Using a separate management port (8081) allows you to expose health checks to internal networks while keeping the main application (8080) behind a firewall.

Available health endpoints

/actuator/health - Overall health status

Returns aggregated health status of all components:

curl http://localhost:8080/actuator/health

Response:

{
  "status": "UP",
  "components": {
    "db": {
      "status": "UP",
      "details": {
        "database": "PostgreSQL",
        "validationQuery": "isValid()"
      }
    },
    "diskSpace": {
      "status": "UP",
      "details": {
        "total": 499963174912,
        "free": 336889606144,
        "threshold": 10485760,
        "exists": true
      }
    },
    "ping": {
      "status": "UP"
    }
  }
}

Status codes:

200 OK when status is UP
503 Service Unavailable when status is DOWN or OUT_OF_SERVICE

/actuator/health/liveness - Kubernetes liveness probe

Indicates whether the application is running and should be restarted if unhealthy:

curl http://localhost:8080/actuator/health/liveness

Response:

{
  "status": "UP"
}

Use this for Kubernetes livenessProbe configuration.

/actuator/health/readiness - Kubernetes readiness probe

Indicates whether the application is ready to accept traffic:

curl http://localhost:8080/actuator/health/readiness

Response:

{
  "status": "UP"
}

Use this for Kubernetes readinessProbe configuration.
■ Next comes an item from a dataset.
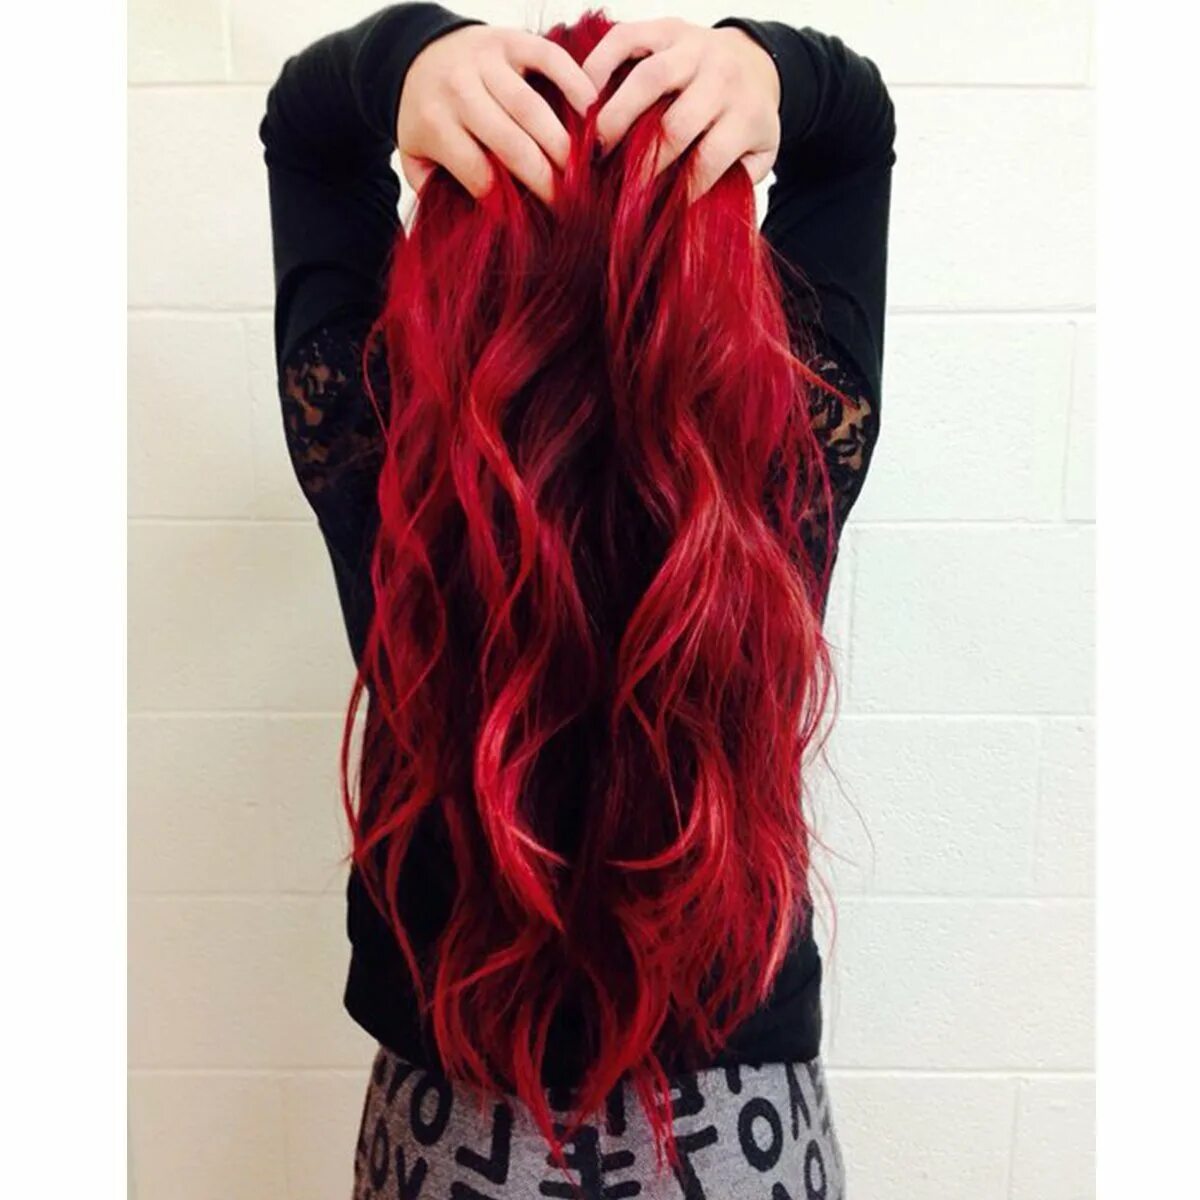 Черно красные волосы длинные. Черно красные волосы. Девушка с красными волосами. Красный цвет волос у девушек. Красные волосы со спины.

The application is marked as not ready if:

Database connection is unavailable
Required external services are down
Application is shutting down

Load balancer health checks

Configure your load balancer to use the health endpoint:

Choose the health endpoint

Use /actuator/health for general health or /actuator/health/readiness for more accurate traffic routing.

Configure check interval

Set appropriate intervals to balance responsiveness and overhead:

Interval: 10-30 seconds
Timeout: 5 seconds
Unhealthy threshold: 2-3 consecutive failures
Healthy threshold: 2 consecutive successes

Set up monitoring alerts

Alert when instances fail health checks:

# Example: monitor with curl
if ! curl -f http://localhost:8080/actuator/health > /dev/null 2>&1; then
  echo "Health check failed" | mail -s "OrgStack Alert" [email protected]
fi

Never expose /actuator/health with show-details=always in production without authentication. Health details can reveal sensitive information about your infrastructure.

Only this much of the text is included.